= Charlotte Krawczyk =

German geophysicist

Charlotte M. Krawczyk is a German geophysicist whose research involves the development of methods for seismic imaging and its application for understanding the structure of the Earth's crust, initially focusing on subduction zones and later shifting her interests to the continental crust. She is head of the section on near-surface geophysics of the GFZ Helmholtz Centre for Geosciences in Potsdam, and a professor of geophysics at Technische Universität Berlin.

==Education and career==
Krawczyk was a student of oceanography and physics at Kiel University, where she received a vordiplom in 1986, a diploma in 1991, abd a Ph.D. in 1995.

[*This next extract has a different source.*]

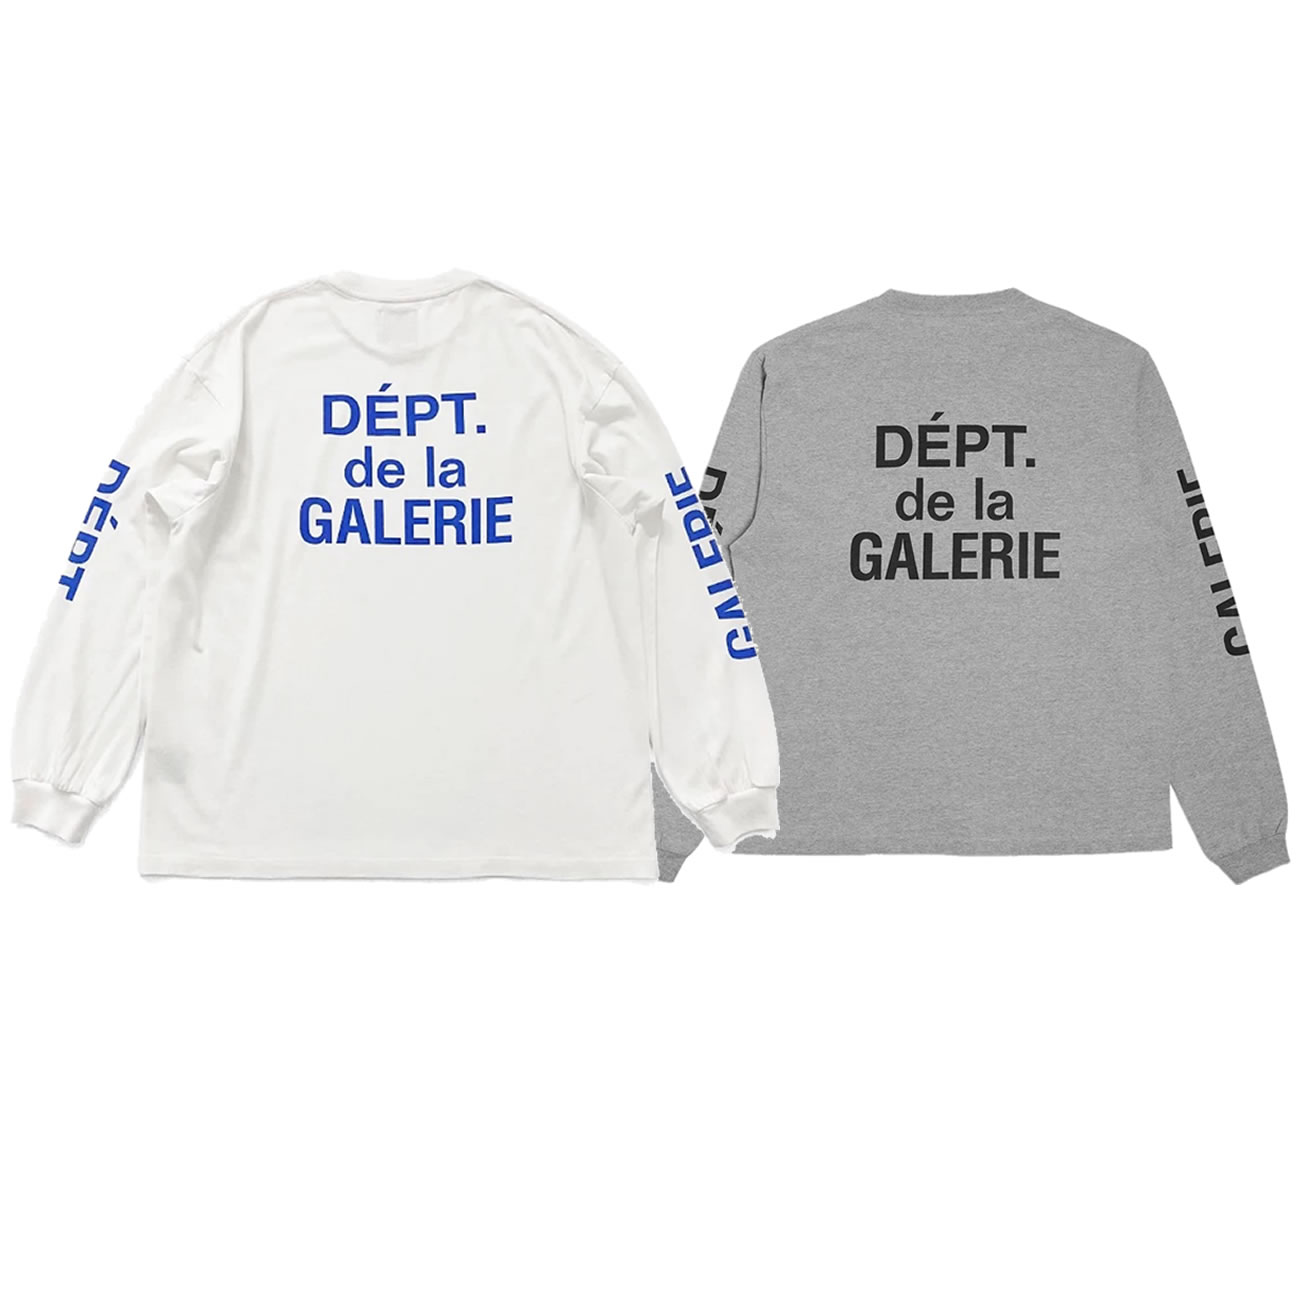 Gallery Dept. French Collector L S Tee White Blue Fw21 (9) - newkick.org

Afte postdoctoral research at GFZ, she became a research group leader at GFZ in 1997. She was named as a senior scientist at GFZ in 2002. From 2007 to 2015 she worked at the LIAG Institute for Applied Geophysics in Hanover, initially as head of the section on seismics, gravimetry, and magnetics, and later as vice director. In 2016 she returned to GFZ as section head, also taking a joint appointment as a professor at TU Berlin.

She is the chief executive editor of the journal Solid Earth.

==Recognition==
Krawczyk was elected to acatech, the German Academy of Science and Engineering, in 2016, and to the Academia Europaea in 2018.